The Hook from Green Arrow Annual #6 – created by Mike Grell and Mike Collins.  © DC Comics

 

Marvel and DC likely did this because of Image Comics. They began publishing in 1992 and very quickly became the #3 publisher in the industry. Image was creating lots of new characters that had fans excited. Marvel and DC likely wanted to counter with their own “exciting” new characters but didn’t want to pay creators for them. So they got what they got. I should say that not all characters to come from this were a bust. Garth Ennis and John McCrea created Hitman, who had a well loved solo series.

I can’t speak for all creators, but I think with a lot of creators would really hate to have created a character and have it earn all sorts of money and none (or very little) of it going to them. It bothers them a lot and it can bother them for the rest of their lives. Much like if somebody broke into your house and stole your prized possession and then flaunted it in front of you at every chance they got for the rest of your life and you can’t do anything about it. The pain is such they’d rather not have created the character at all.

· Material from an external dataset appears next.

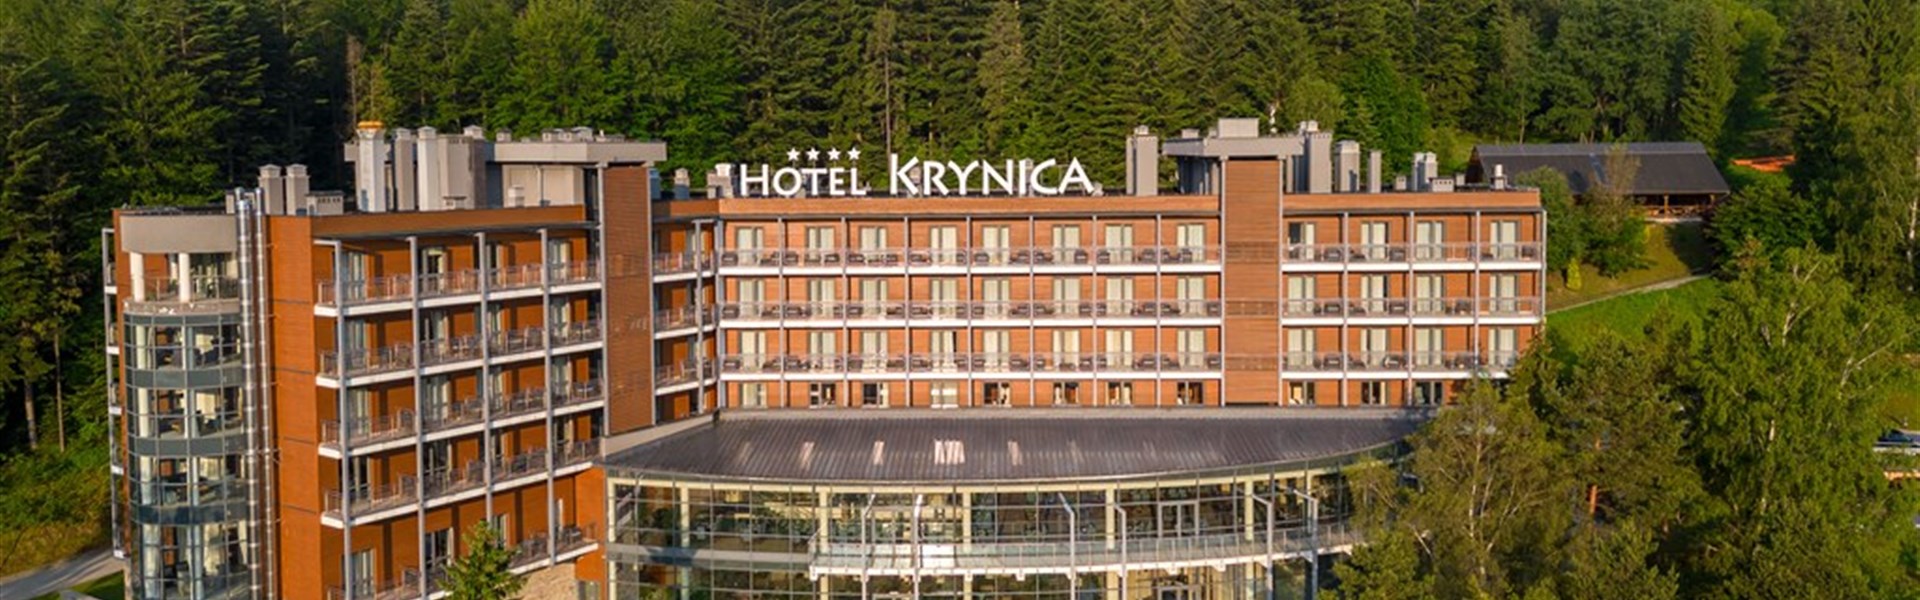 Hotel Krynica - 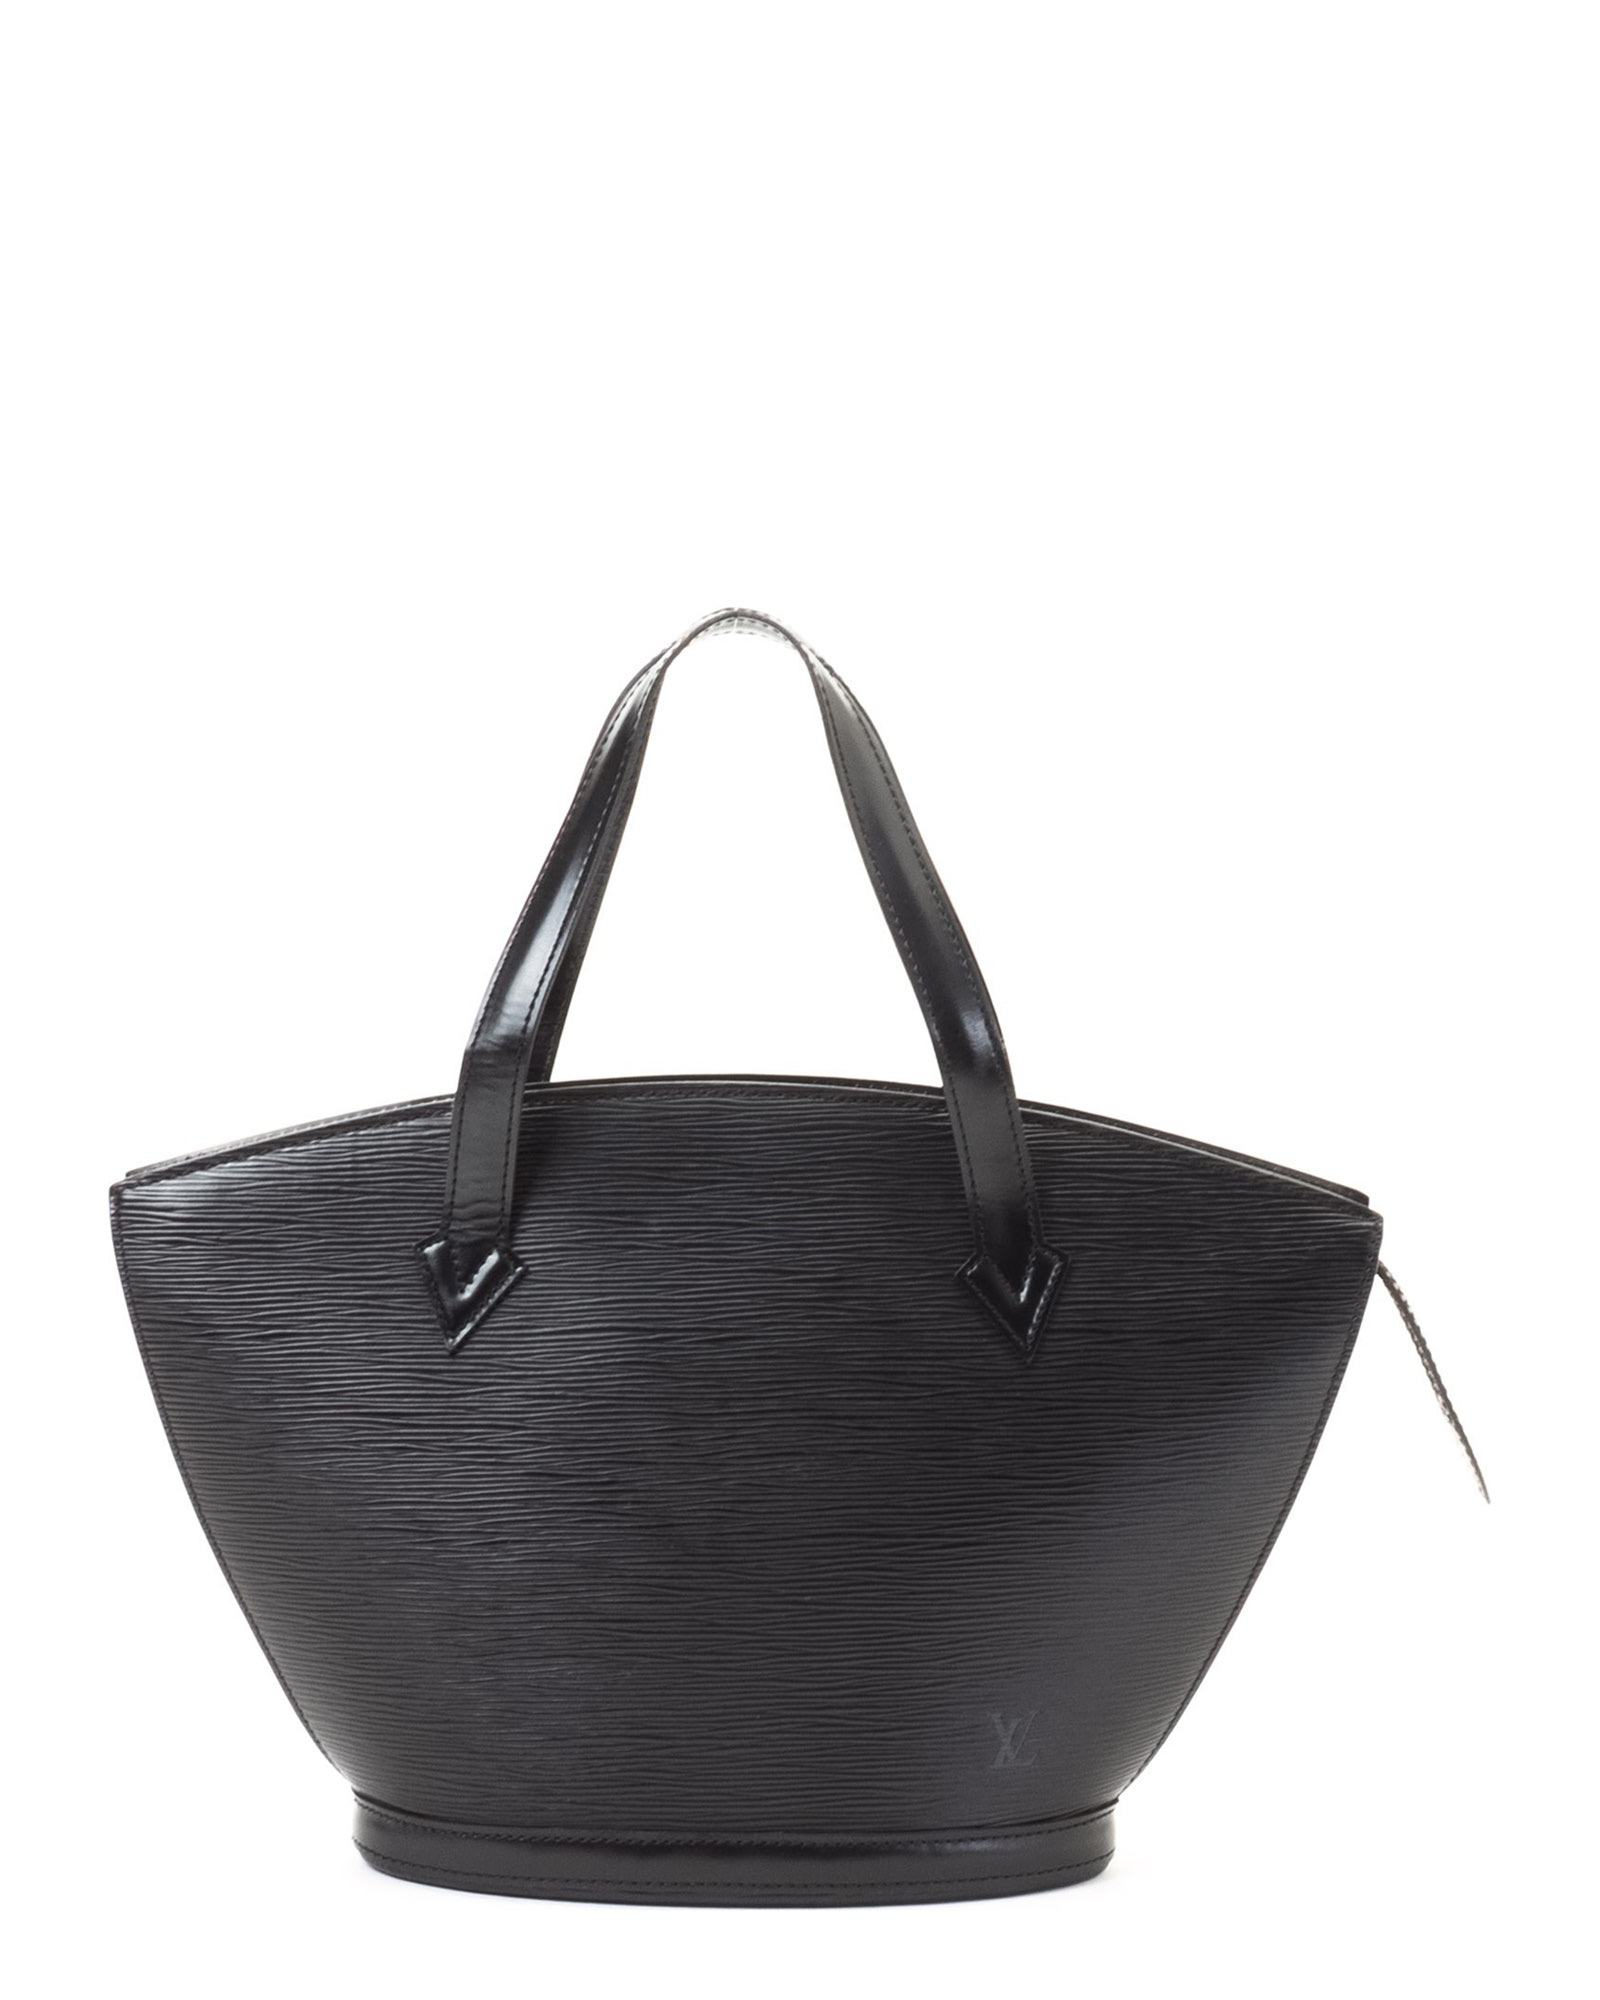 Louis vuitton Black Tote Bag - Vintage in Black | Lyst

Plus there is always the possibility that they might use the character in a situation where it’s much more agreeable to them. It could be with another publisher or even the same publisher with different editorial policy down the line. Some creators work in other mediums like prose books, cartoons, video games, etc.. and those other fields may provide better deals. There is simply no reason for creators to provide good characters to non paying publishers if they think they’re going to regret the decision.